In her research, “The Death Penalty and Public Information on Its Use”, Sangiorgio (2011) tries to ensure the readers that the death penalty does not coincide with the humanistic point of view, by which civilized societies are characterized. With the help of examples, the author gives the readers an opportunity to make appropriate conclusions.
Similar to Sangiorgio, Sun (2009) argues for abolishing the death penalty and states the logical necessity of the irrationality of the death penalty.
Finally, I would like to represent the Lambert’s point of view. He is a researcher, who analyzes the issue of the death penalty in his unique and original manner.
Lambert believes that any additional information about the death penalty can possibly change public’s attitude towards this issue. For example, “in 1972, the former Supreme Court Justice Marshall postulated that the public was uninformed about the death penalty and information would change their support for it. There is some indication that information about the death penalty may change people’s level of support”.
In addition, the study by Lambert and Clarke (2011) uses a multivariate analysis, applying testing the impact that information has on death penalty support, along with the level of prior knowledge about capital punishment, as well as some personal characteristics (gender, age, race, political affiliation, academic level, being a criminal), and some religious factors. Therefore, the results of the Lambert’s study suggest that information on deterrence and innocence leads to a decrease in capital punishment support and views on it. Furthermore, the results suggest that the presented data may have various effects on different groups of people.
Conclusion
After reviewing the articles mentioned above, I have found that every researcher has its own point of view on the death penalty.

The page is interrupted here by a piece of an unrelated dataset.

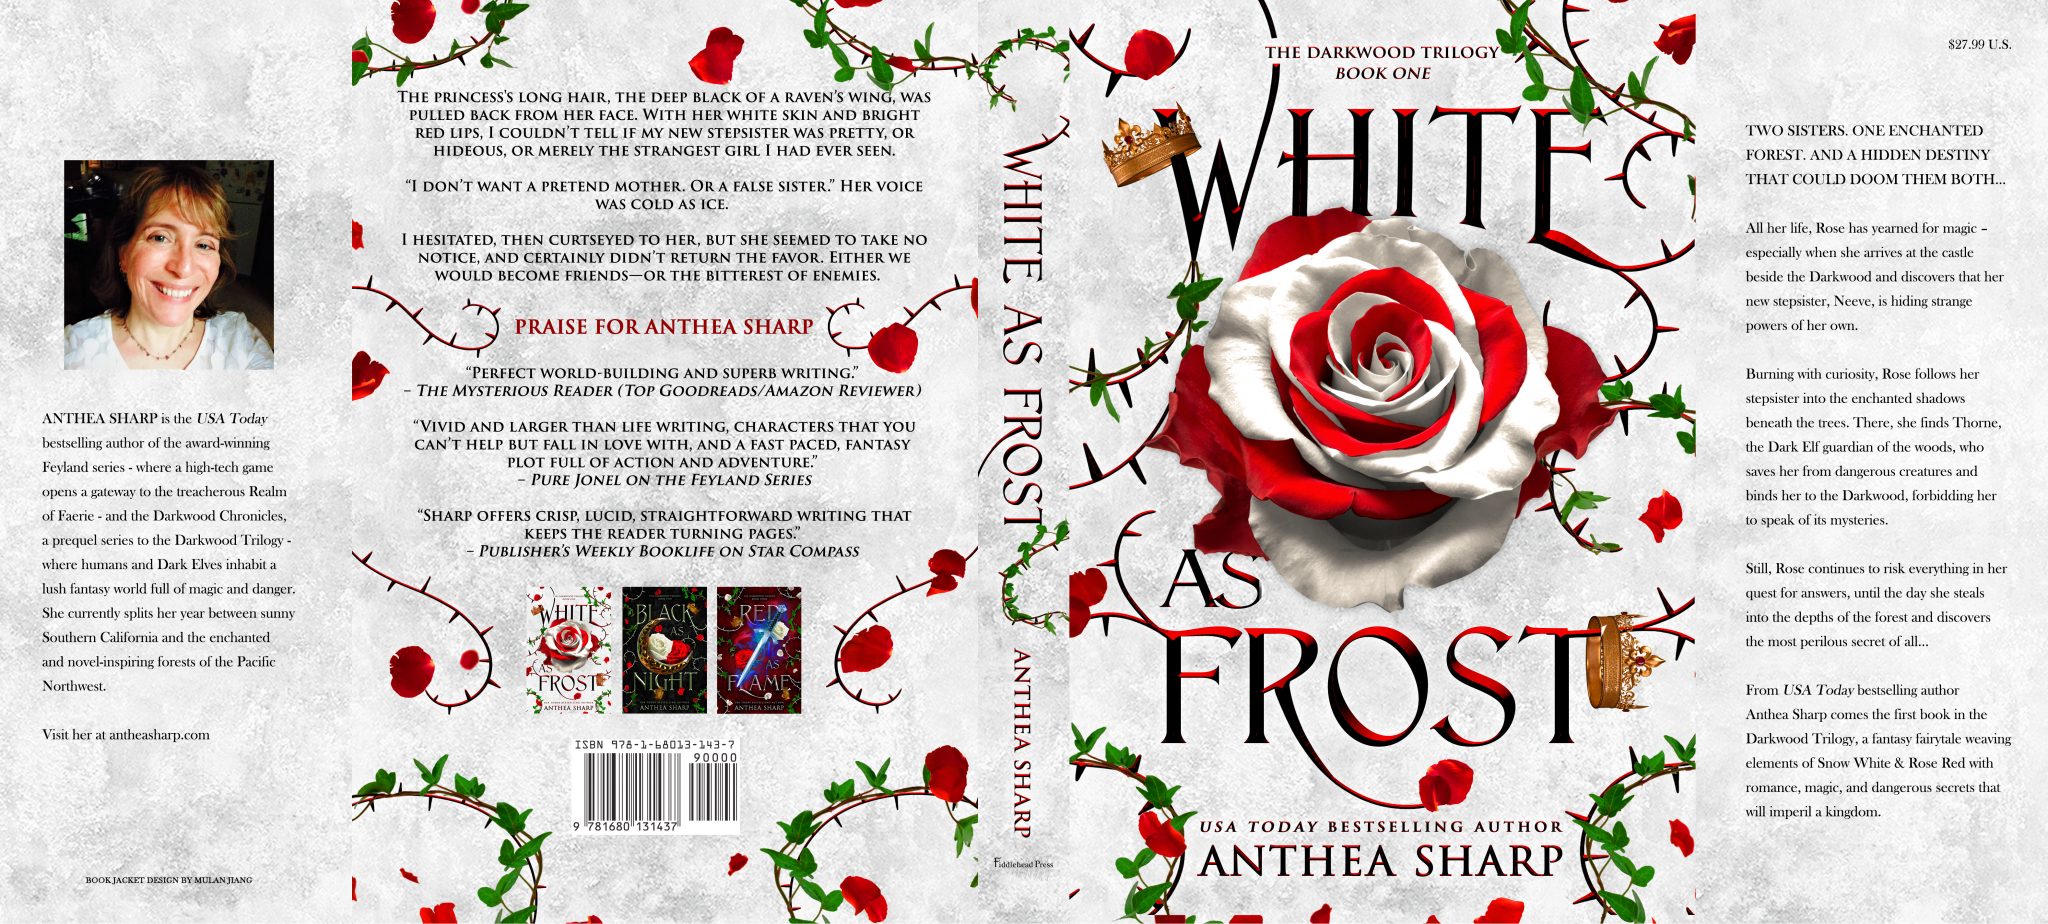 White as Frost by Anthea Sharp wrap around

Some researchers say it is not a moral case, and others support a theoretical background to the death penalty as an integral part of justifying crimes, which are brutal and the worst.

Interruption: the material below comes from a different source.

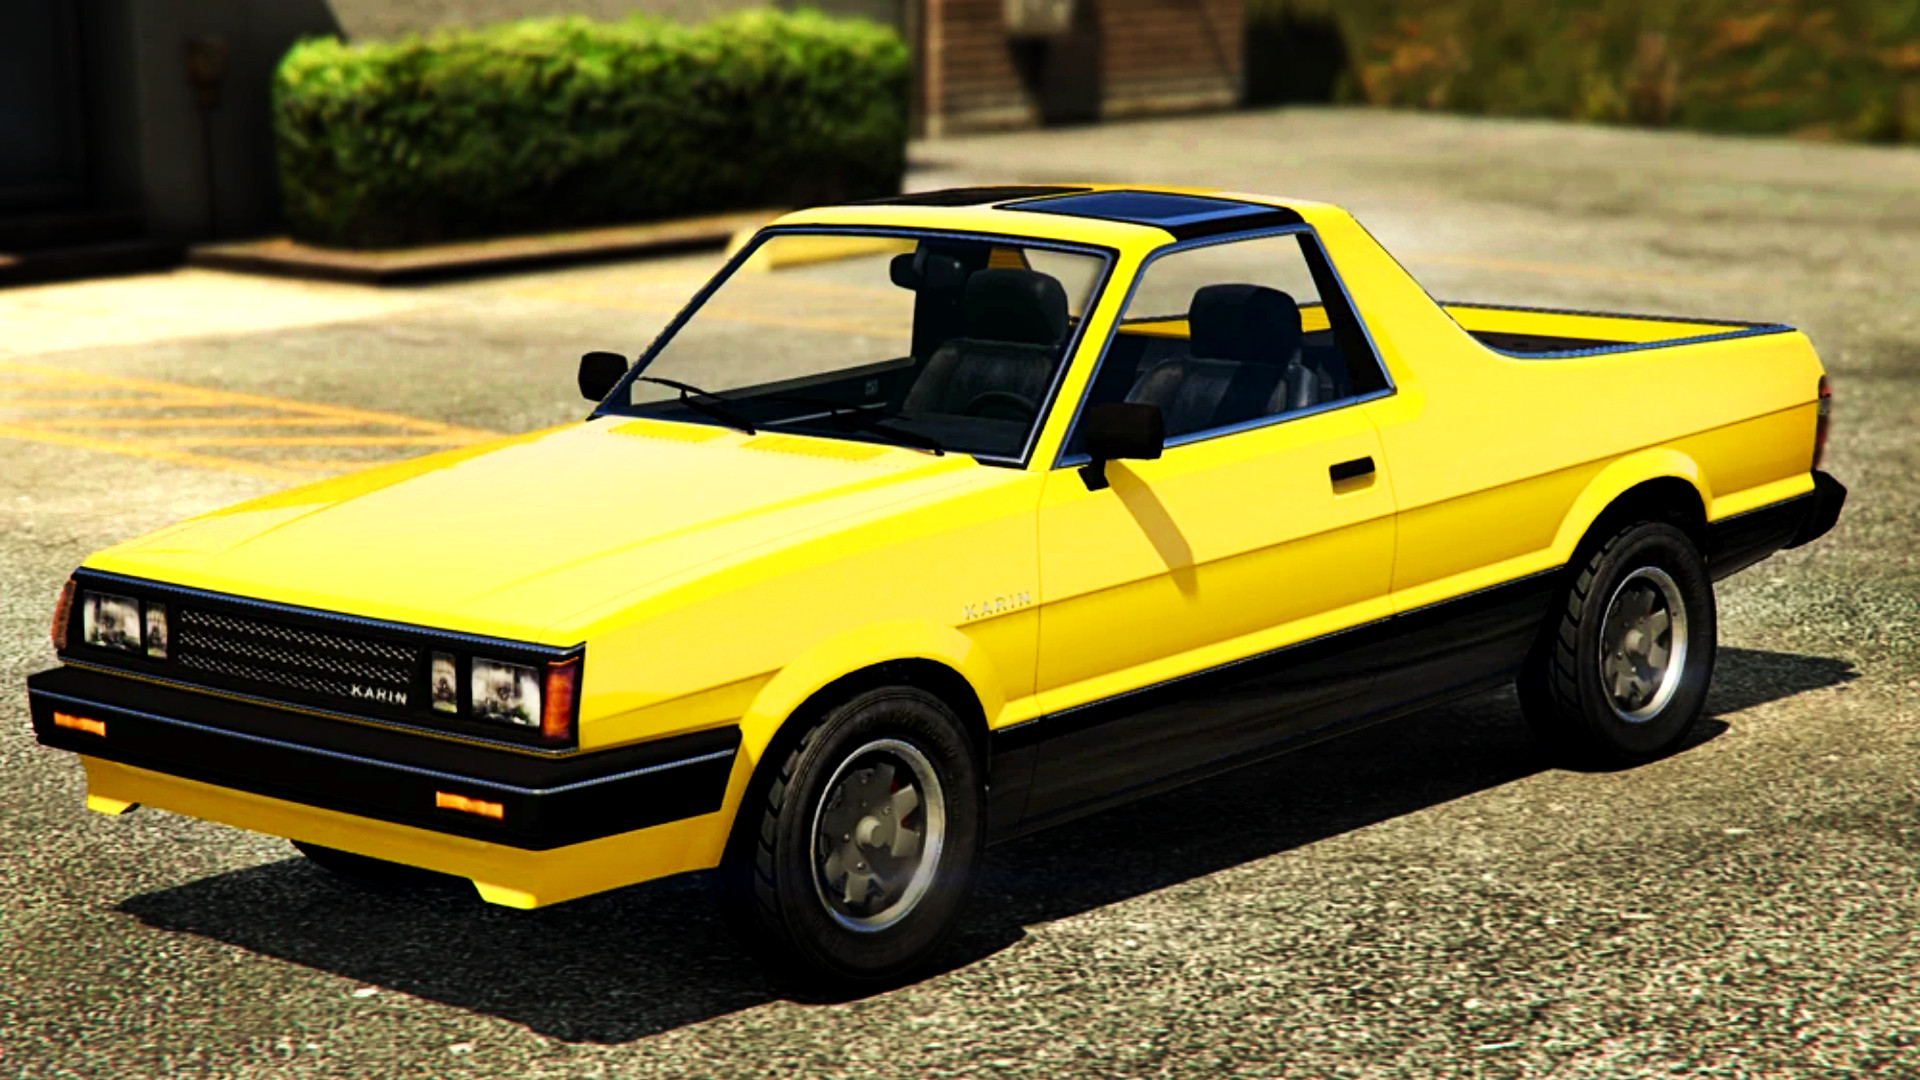 GTA Online weekly update adds new car, the bratty Karin Boor

Anyway, every researcher has his/her own manner of representing his or her points of view. Some of them lead readers into a discussion, and others prefer to find appropriate arguments in regard to their theories. In any case, every article under analysis is very informative, and its content is worth discussing.
Therefore, the majority of authors do not accept the theory of the death penalty as an original way to justify the worst crimes. I have also found out that among the researchers from Asia there are more supporters of the death penalty.
In this literature review first of all I was concentrated on the points of view of different researchers who discuss the problems of death penalty and the Constitution, democratic values, public opinion and public administration. The most of the researchers think that the death penalty goes against the democratic values and it is not morally required.